Here we return to the problem we encountered while explaining the perceptron: sometimes there are two distinct groups of data, but each group has outliers such that the groups can't be perfectly divided by a line(ar object, e.g. a hyperplane).

In [None]:
import Pkg
Pkg.activate("..\\..\\juMLia")
import MLDatasets: Wine
using Plots, DataFrames, JSON3
wine = Wine()
logregdata = subset(wine.dataframe, :Wine => x -> (x .== 1 .|| x .== 2))[:, [:OD, :Proline, :Wine]]
logregfeatures = logregdata[:, [:OD, :Proline]]

In [None]:
wine1 = subset(logregdata, :Wine => x -> x .== 1) # Only select cultivar 1
wine2 = subset(logregdata, :Wine => x -> x .== 2)
scatter(wine1[:, :OD], wine1[:, :Proline], mc="red")
scatter!(wine2[:, :OD], wine2[:, :Proline], mc="blue")

Once again we have our clearly grouped but linearly inseparable data.
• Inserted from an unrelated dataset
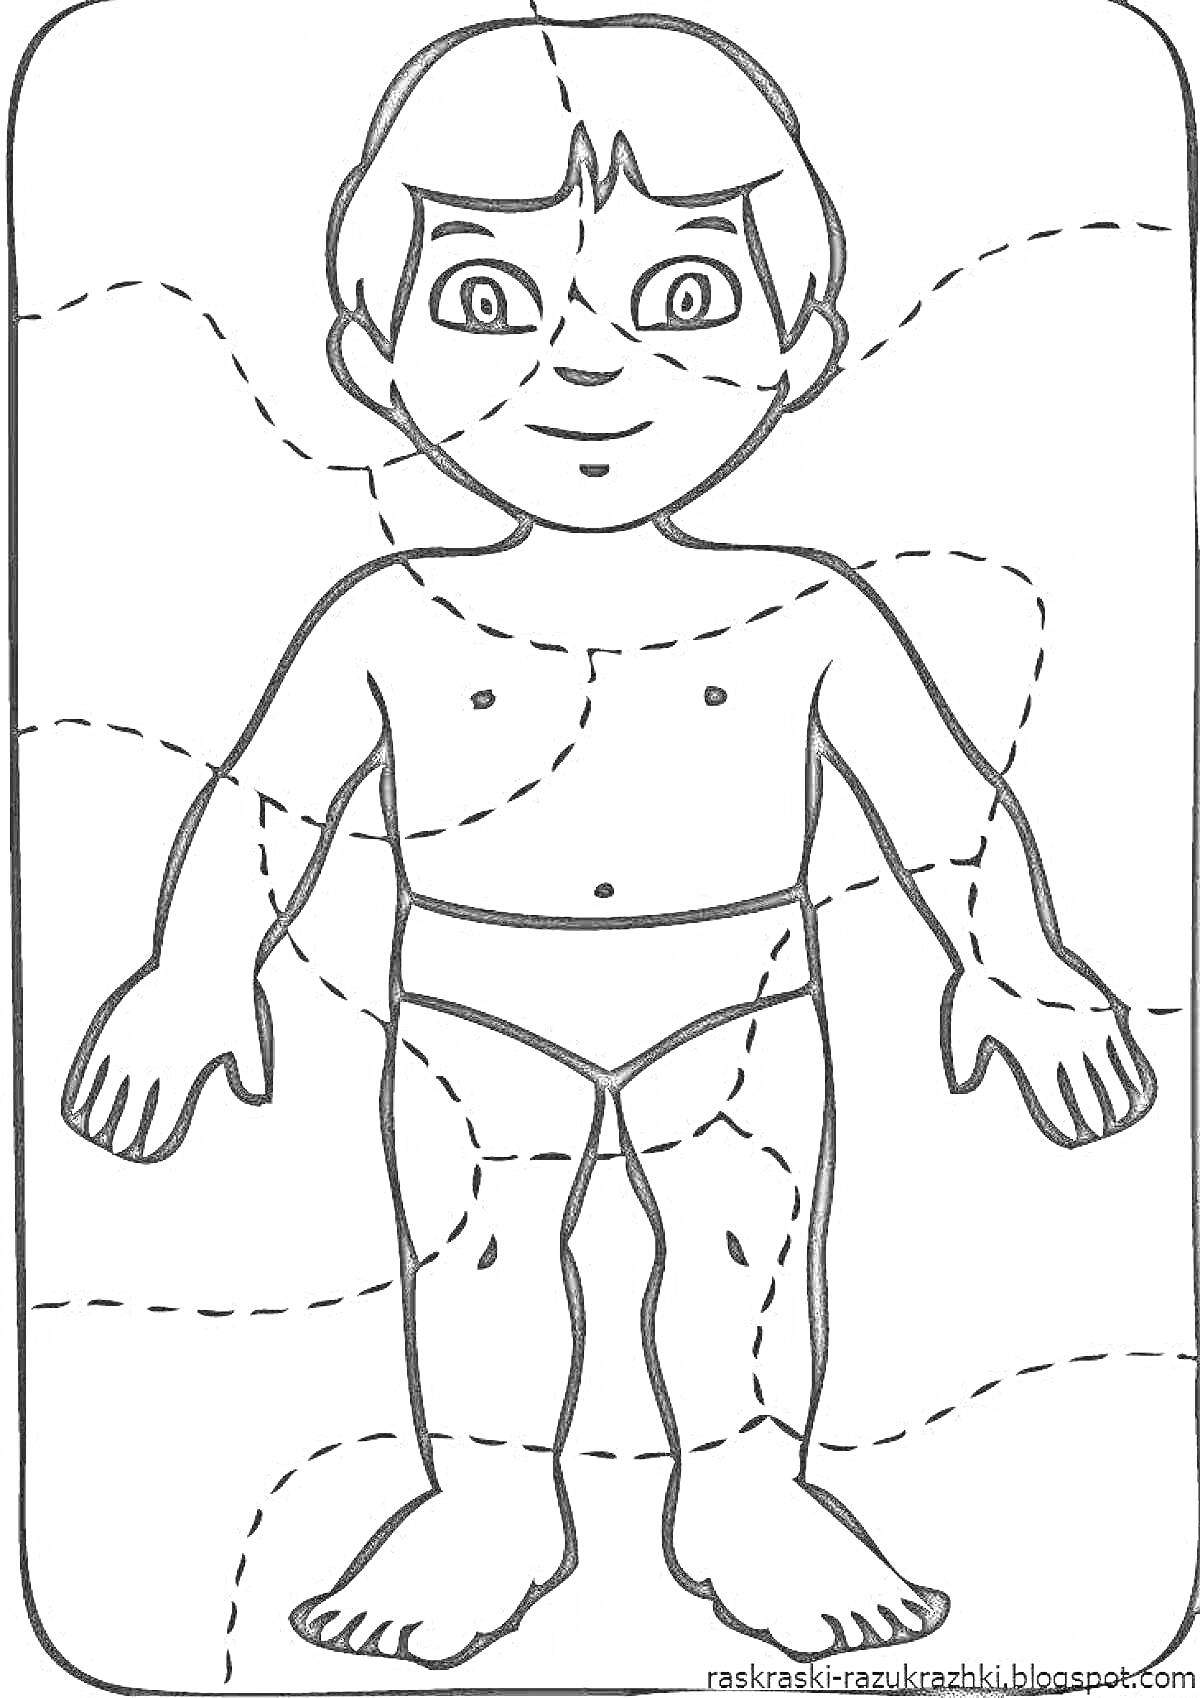 На раскраске изображено: Тело человека, Голова, Плечи, Руки, Ноги, Кисти, Ребёнок, Анатомия, Части тела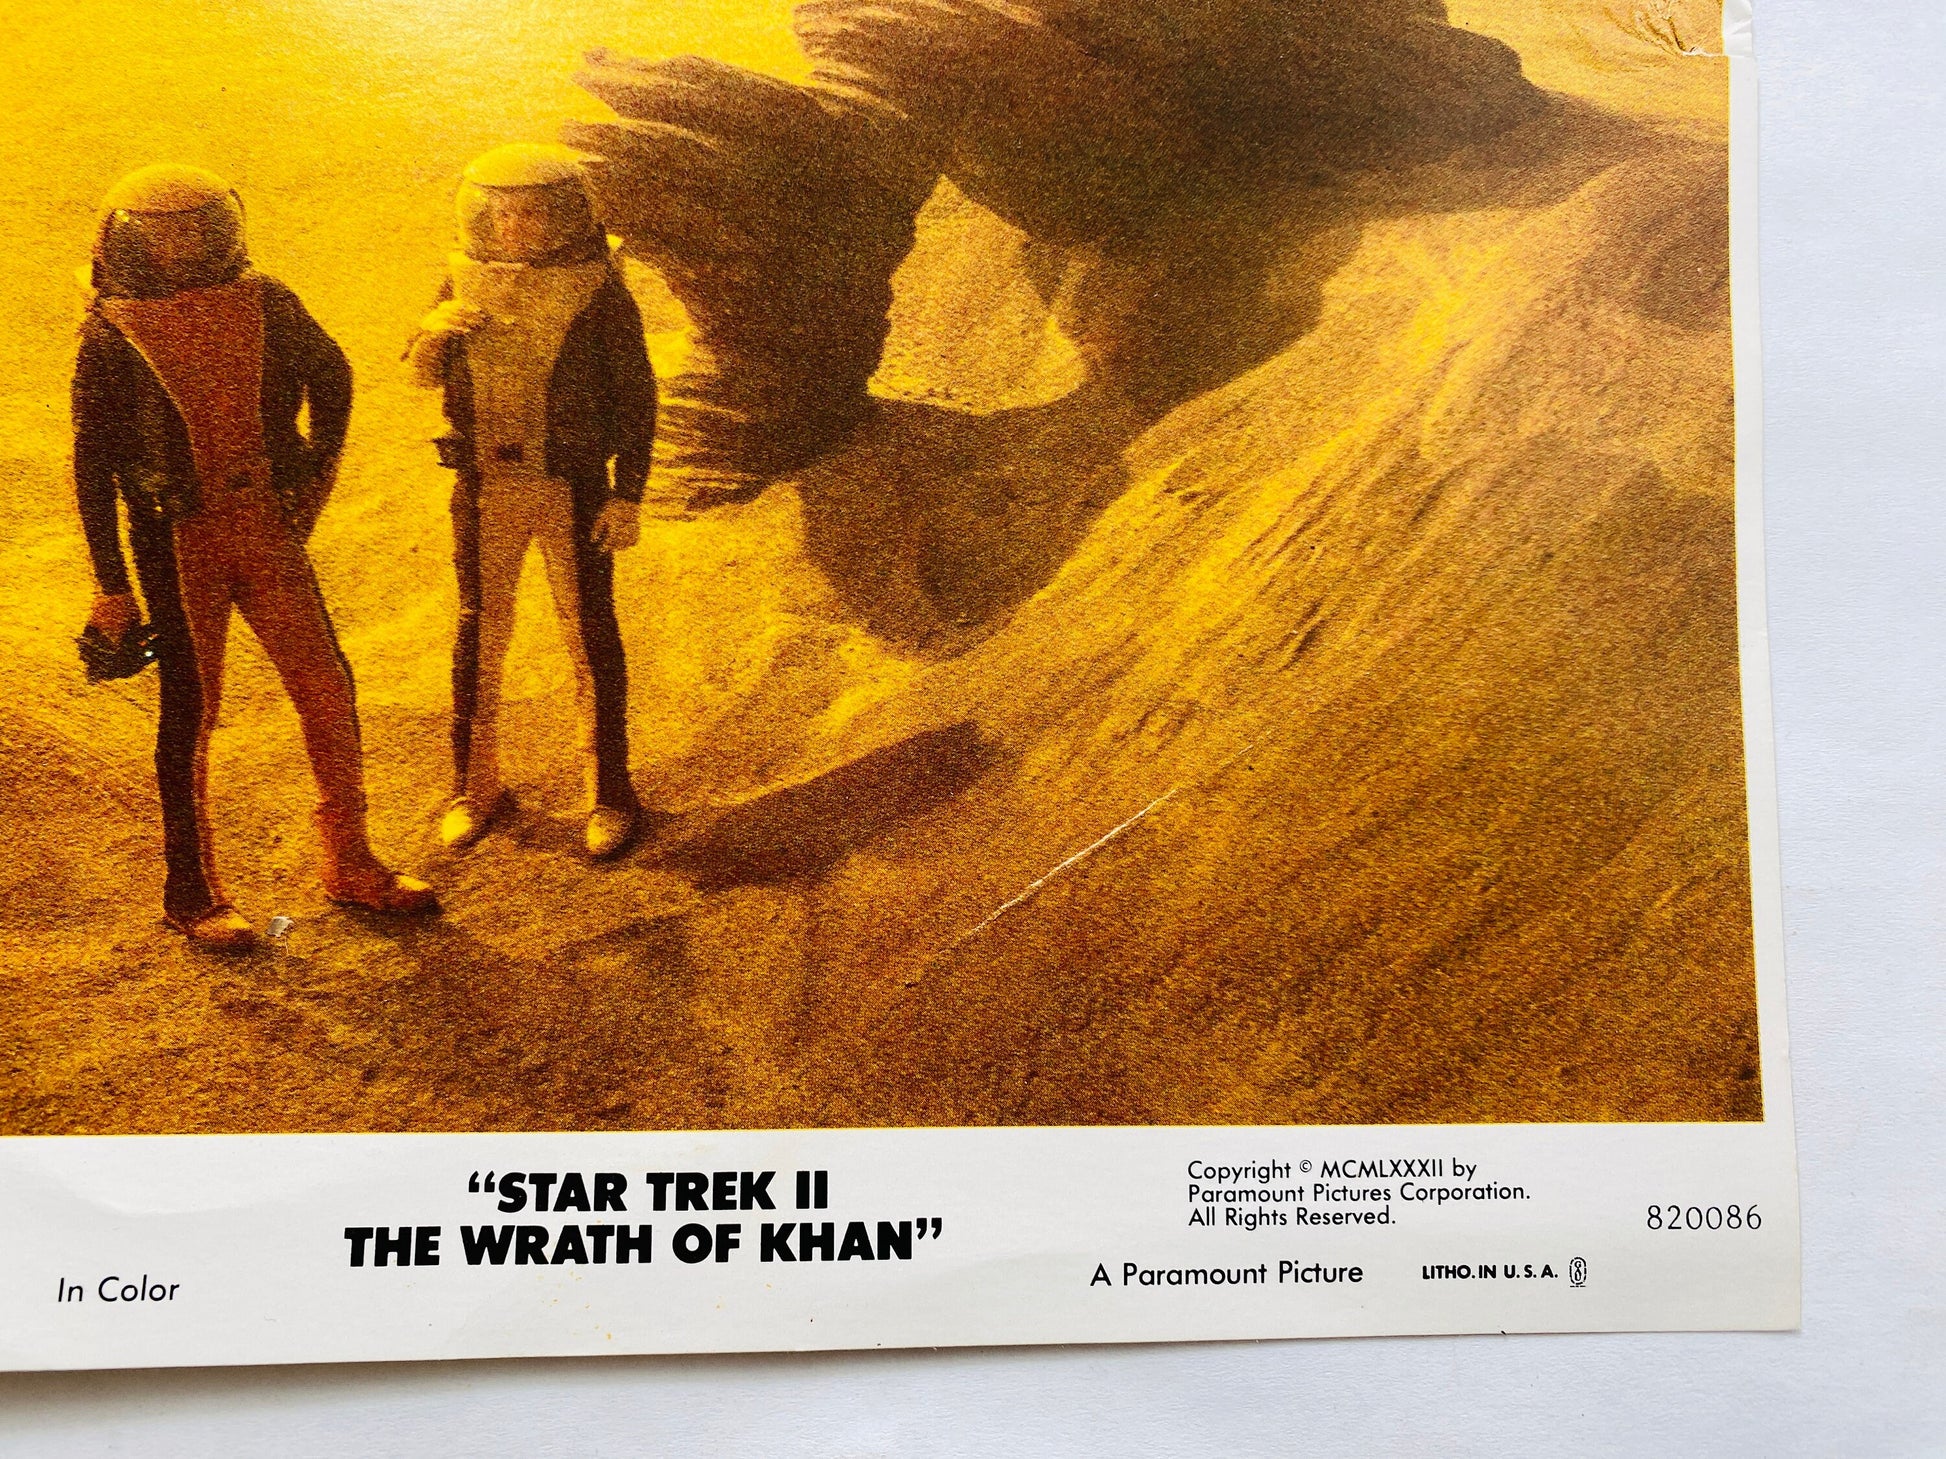 RARE Star Trek ORIGINAL Wrath of Khan Press Kit Litho Photo circa 1982 8x10 photo unique collectible movie POOR Condition

This time we don't use any heuristics to comb out the inseparable parts--we just toss the whole thing into the machine.

In [None]:
include("SingleNeuron.jl")

In [None]:
logreglabels = logregdata[:, :Wine] .- 1

"Logistic" in this context refers to the sigmoid function, which is 0 at $-\infty$ and 1 at $+\infty$ but transitions from 0 to 1 in a narrow range around 0. 

In [None]:
domain = range(-10, 10, 100)
plot(domain, sigmoid(domain))

This allows for "probabilistic" classification, because using the sigmoid as an activation function means you classify most features as either 0 or 1, but if they're close enough to the boundary between groups they get a classification somewhere between the two groups. Because preactivation still behaves linearly, we can visualize the "border" where the classification is exactly halfway between the two options.

In [None]:
logregmodel = SingleNeuron(2, :logisticregression)
train!(logregmodel, logregfeatures, logreglabels)
plotneuron(logregmodel; leftbound=1, rightbound=4)
scatter!(wine1[:, :OD], wine1[:, :Proline], mc="red")
scatter!(wine2[:, :OD], wine2[:, :Proline], mc="blue")

And there we go! "Most" of each group is on one side of the border.